> Philip G. Drazin, math and science contributor for the revision of
> the Oxford English Dictionary, asked whether readers of the math
> words web page I maintain could assist him in finding the earliest
> use in English of the term "continued fraction."
I'm afraid I can add only a little to what David Fowler already posted.
Julian Lowell Coolidge _The Mathematics of Great Amateurs_ (Oxford
University Press 1949, reprinted by Dover in 1963) has a chapter on
Brounker. Coolidge gives the following additional info:
- J. F. Scott _The Mathematical Work of John Wallis_ Oxford, 1936
discusses Wallis's and Brounker's work on continued fractions
- Coolidge references Wallis's _Arithmetica Infinitorum_, for which
the publication date given is 1665. Coolidge refers to "pp. 47-60";
it is not clear whether these are pages in Scott or in _Arithmetica
Infinitorum_
- Coolidge quotes Wallis (Opera volume i page 475) as saying "Esto
igitur fractio eiusmode continue fracta quaelibet sic deignata
a b c d e
------ ------ ------- ------- --------- etc
alpha beta gamma delta epsilon
(I have my computer set to Courier (a monospaced font) for typing the
above, so hopefully the spacing will be correct.)
- Coolidge's bibliographic reference to Schwenter is "Schwenter, Daniel,
1585-1636, Geometriae practicae novae et auctae Tractatus, Nuremberg,
1626, 138."
- Coolidge says that there were two Italian mathematicians, Raffaele
Bombelli and Peitro Cataldi, who worked with continued fractions, and
gives footnotes to Bortolotti, Ettore, 1866- , 'La scoperta della
frazioni continue', Bollettino della Methesis, Anno xi, 1919, 138.

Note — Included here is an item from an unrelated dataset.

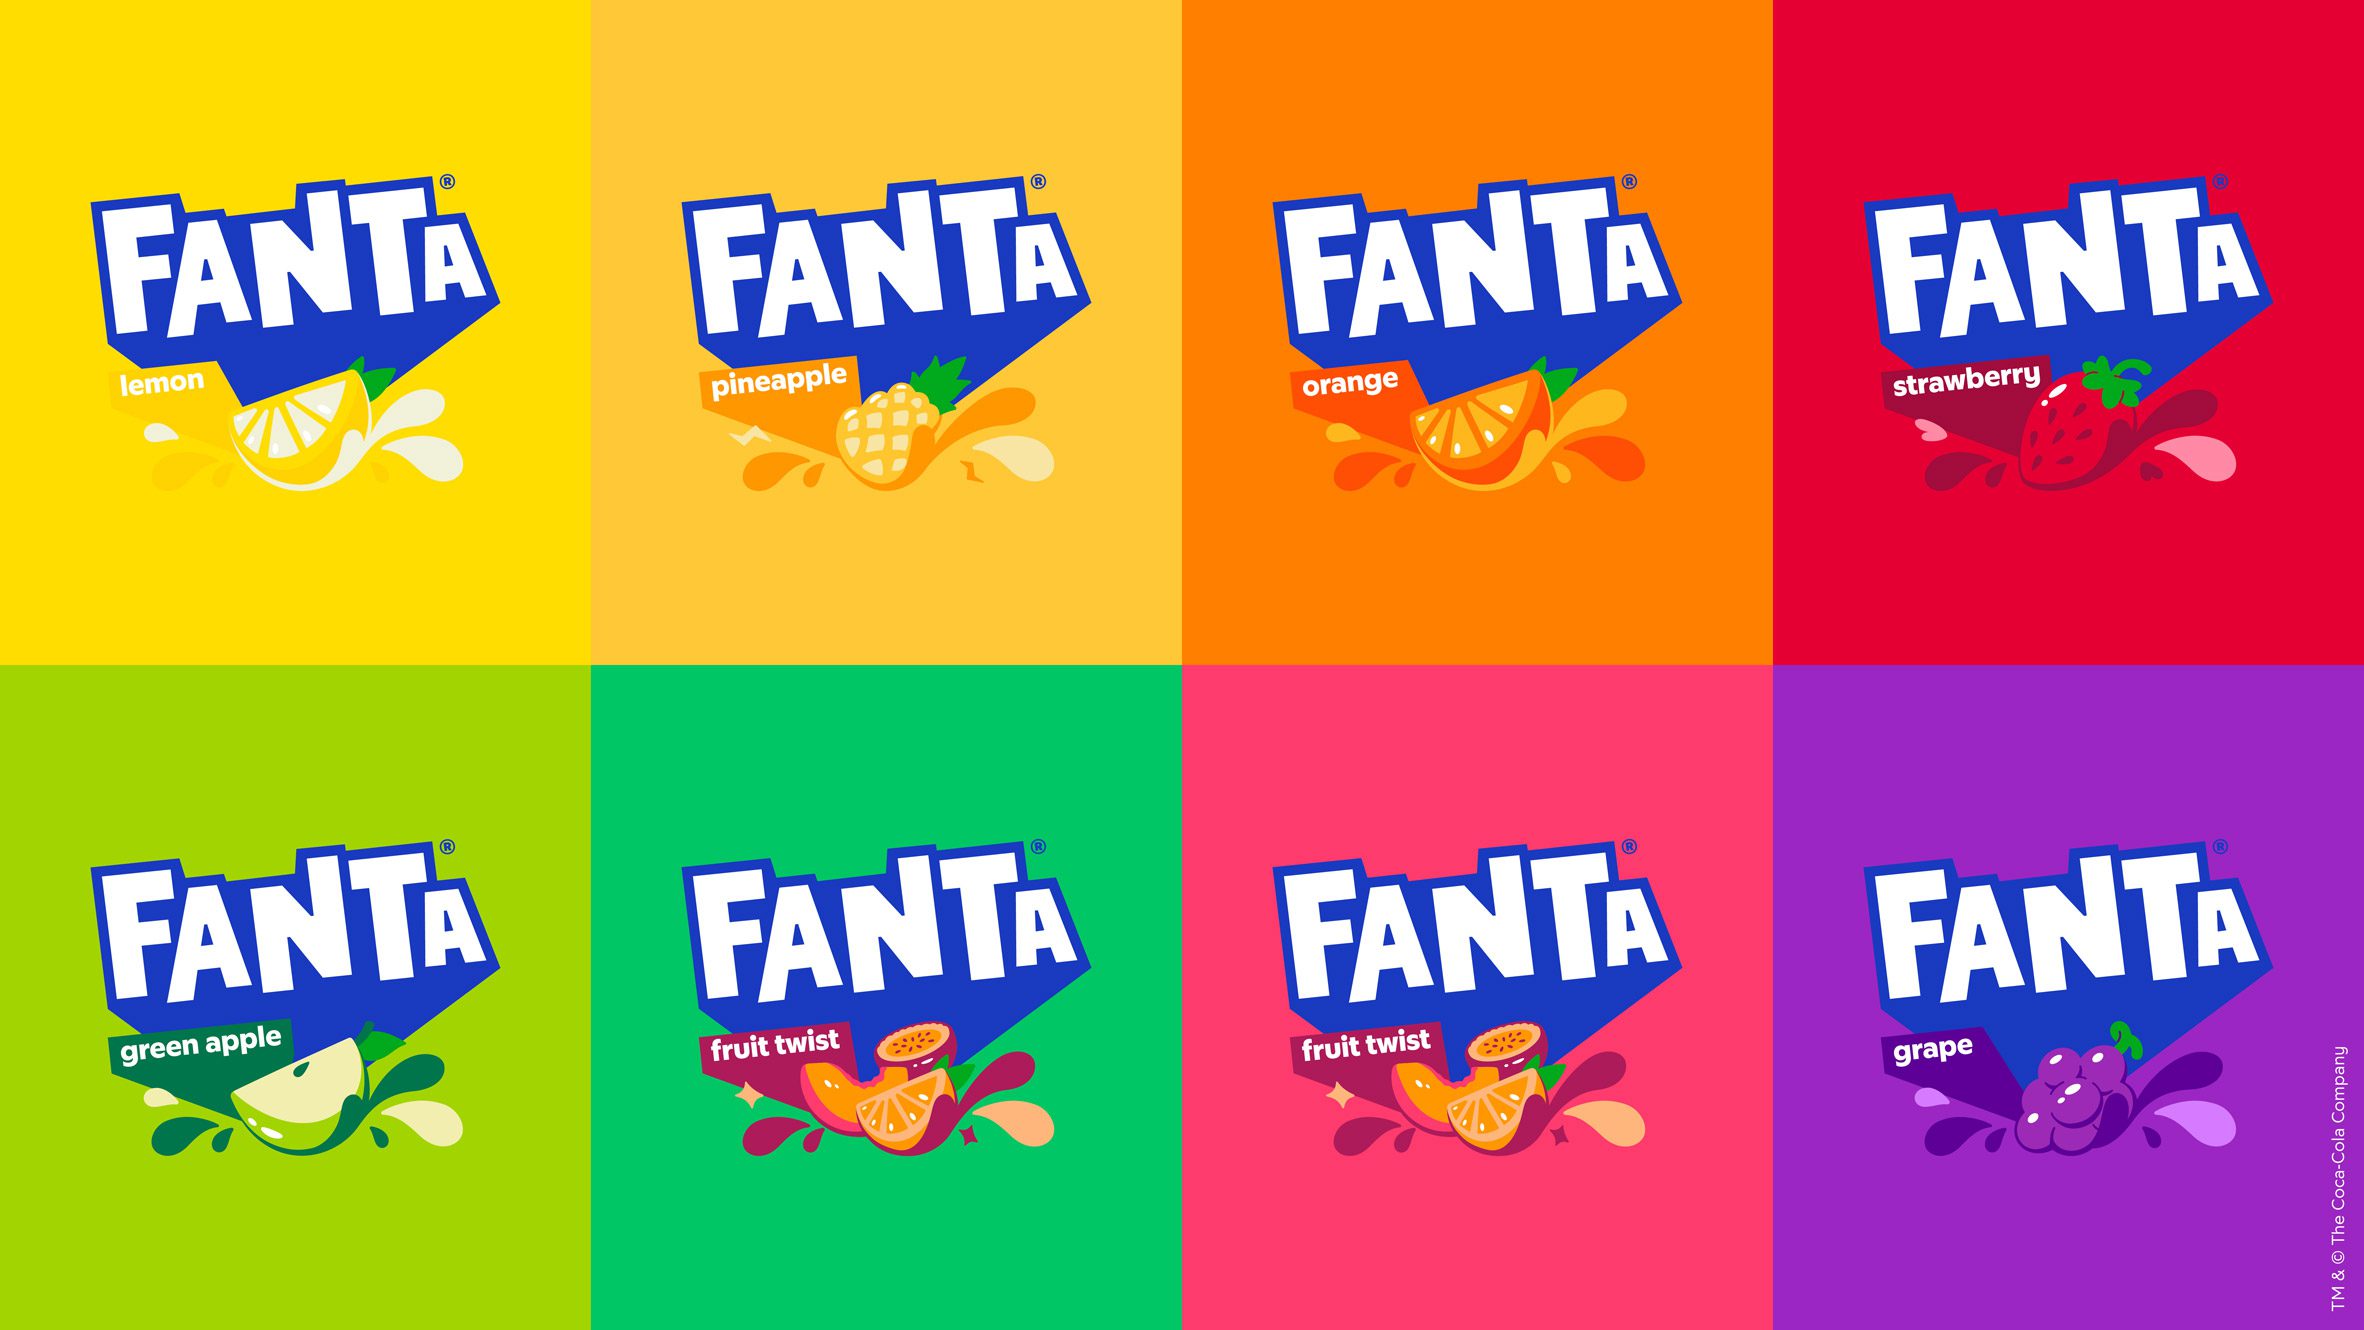 Fanta rebrand with all flavours

and to Tropfke, Johannes, 1866-1939, Geschichte der Elementarmathematik,
2nd ed., Berlin, 1921, vol vi, pp. 75ff.
If the hypochondriac office photocopier hasn't thought of something
new, a copy of Coolidge will be in the mail to you shortly. I will also
check Struik pp. 244-251 (apparently David Fowler does not have access
to a copy) and see if it contains anything interesting.